What is expected:
In the entries below, the line with "2023 Scenes of" marks the start. Return it and every following line exactly, ending with the last.

[Material supplied Boundary: Start]

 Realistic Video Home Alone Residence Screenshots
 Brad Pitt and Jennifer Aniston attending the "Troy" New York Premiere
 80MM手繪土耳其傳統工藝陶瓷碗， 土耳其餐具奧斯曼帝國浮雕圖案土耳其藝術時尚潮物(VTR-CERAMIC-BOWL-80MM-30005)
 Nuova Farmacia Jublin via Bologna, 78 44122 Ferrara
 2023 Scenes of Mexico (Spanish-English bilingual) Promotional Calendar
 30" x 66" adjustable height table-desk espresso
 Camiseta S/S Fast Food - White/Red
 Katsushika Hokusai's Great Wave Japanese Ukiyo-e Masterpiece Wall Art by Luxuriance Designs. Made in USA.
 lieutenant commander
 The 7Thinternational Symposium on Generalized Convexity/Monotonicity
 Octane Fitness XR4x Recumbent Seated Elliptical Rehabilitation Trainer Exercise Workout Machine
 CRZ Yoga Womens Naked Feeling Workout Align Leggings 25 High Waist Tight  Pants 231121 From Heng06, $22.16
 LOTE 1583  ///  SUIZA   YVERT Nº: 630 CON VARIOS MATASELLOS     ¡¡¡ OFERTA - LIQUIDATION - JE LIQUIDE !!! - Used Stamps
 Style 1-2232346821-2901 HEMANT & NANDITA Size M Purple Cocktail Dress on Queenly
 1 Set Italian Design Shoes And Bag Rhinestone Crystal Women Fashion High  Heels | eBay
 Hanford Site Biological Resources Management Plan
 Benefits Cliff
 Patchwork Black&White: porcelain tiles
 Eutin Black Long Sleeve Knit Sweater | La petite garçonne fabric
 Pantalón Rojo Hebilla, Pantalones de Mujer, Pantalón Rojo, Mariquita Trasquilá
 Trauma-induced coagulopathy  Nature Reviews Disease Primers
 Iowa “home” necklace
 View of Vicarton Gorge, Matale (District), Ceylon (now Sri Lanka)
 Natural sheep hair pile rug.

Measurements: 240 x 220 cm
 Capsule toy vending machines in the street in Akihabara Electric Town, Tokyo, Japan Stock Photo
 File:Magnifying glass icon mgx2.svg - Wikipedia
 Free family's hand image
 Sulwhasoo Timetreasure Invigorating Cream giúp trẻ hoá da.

[Material supplied Boundary: End]

Answer to the exercise:
 2023 Scenes of Mexico (Spanish-English bilingual) Promotional Calendar
 30" x 66" adjustable height table-desk espresso
 Camiseta S/S Fast Food - White/Red
 Katsushika Hokusai's Great Wave Japanese Ukiyo-e Masterpiece Wall Art by Luxuriance Designs. Made in USA.
 lieutenant commander
 The 7Thinternational Symposium on Generalized Convexity/Monotonicity
 Octane Fitness XR4x Recumbent Seated Elliptical Rehabilitation Trainer Exercise Workout Machine
 CRZ Yoga Womens Naked Feeling Workout Align Leggings 25 High Waist Tight  Pants 231121 From Heng06, $22.16
 LOTE 1583  ///  SUIZA   YVERT Nº: 630 CON VARIOS MATASELLOS     ¡¡¡ OFERTA - LIQUIDATION - JE LIQUIDE !!! - Used Stamps
 Style 1-2232346821-2901 HEMANT & NANDITA Size M Purple Cocktail Dress on Queenly
 1 Set Italian Design Shoes And Bag Rhinestone Crystal Women Fashion High  Heels | eBay
 Hanford Site Biological Resources Management Plan
 Benefits Cliff
 Patchwork Black&White: porcelain tiles
 Eutin Black Long Sleeve Knit Sweater | La petite garçonne fabric
 Pantalón Rojo Hebilla, Pantalones de Mujer, Pantalón Rojo, Mariquita Trasquilá
 Trauma-induced coagulopathy  Nature Reviews Disease Primers
 Iowa “home” necklace
 View of Vicarton Gorge, Matale (District), Ceylon (now Sri Lanka)
 Natural sheep hair pile rug.

Measurements: 240 x 220 cm
 Capsule toy vending machines in the street in Akihabara Electric Town, Tokyo, Japan Stock Photo
 File:Magnifying glass icon mgx2.svg - Wikipedia
 Free family's hand image
 Sulwhasoo Timetreasure Invigorating Cream giúp trẻ hoá da.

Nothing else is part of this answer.